Thanks for posting your findings! This isn’t super scientific of me, but I’ve found adding some small delays after making HTTP requests, before calling client.stop has been helpful. I might also move your lasttime += 5000L; call to after your client.stop calls, and instead maybe call lasttime = millis();, so your requests will stay closer to every 5 seconds.

We’re also about to release the latest CC3000 patch which we’ve found to be really helpful with stability on certain Wi-Fi networks, so that might help as well. :smile:

Thanks again for posting, the more data / examples we have the easier it is to fix issues. :slight_smile:

Thanks,
David

Hey Dave, thanks for your reply.

I’ve been trying to find explanation for the blink codes, but haven’t found anything that matches what I’m seeing.

What does the 8 red, pause, 1 red, pause, 9 red, pause 1 red sequence mean?

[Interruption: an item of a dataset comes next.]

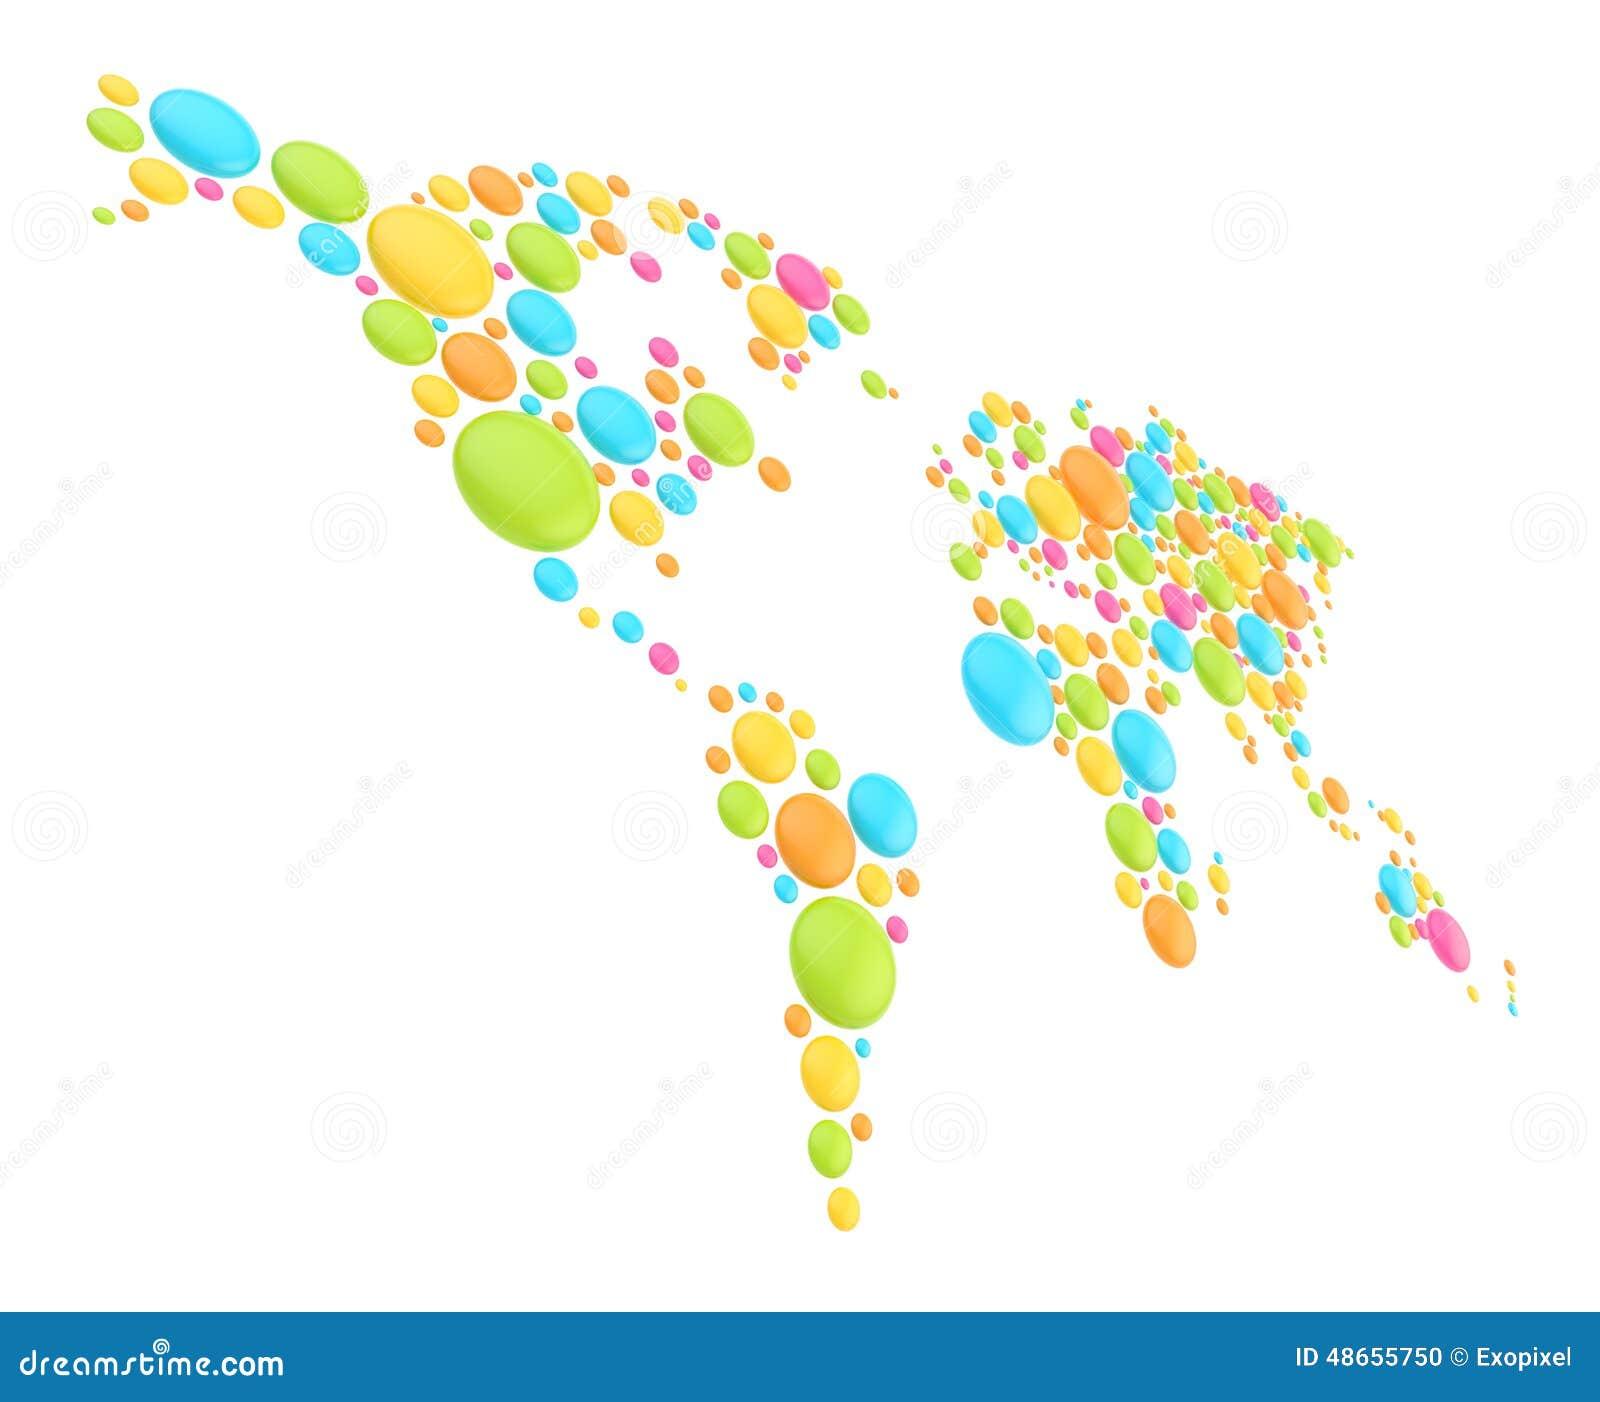 世界地图由圆形做成

Is it possible that I’m doing something in my code that’s hanging up some internal process that needs to run?

I like what I see in the Spark so far, but this problem is serious for us. We are a possible customer for 100’s of units BTW.

Hi @faraday

The red LED blink codes are doc’ed here. The general pattern is SOS (fast dot-dot-dot, slower dash-dash-dash, fast dot-dot-dot) followed a count of red pulses, followed by SOS again.

It sounds like you are seeing a hard-fault which is one red in between the SOS markers. Usually a hard-fault is a programming error somewhere like following a null pointer or allocating too much static memory, but I am not seeing it in you code above. More serial debug statements might help to track it down!

1 Like

Thanks bko. That was a big help. I replayed my video of the blink sequence. Definitely SOS followed by 1 red, followed immediately by another SOS and 1 red. So hard fault. Funny, I should have known that that was an SOS!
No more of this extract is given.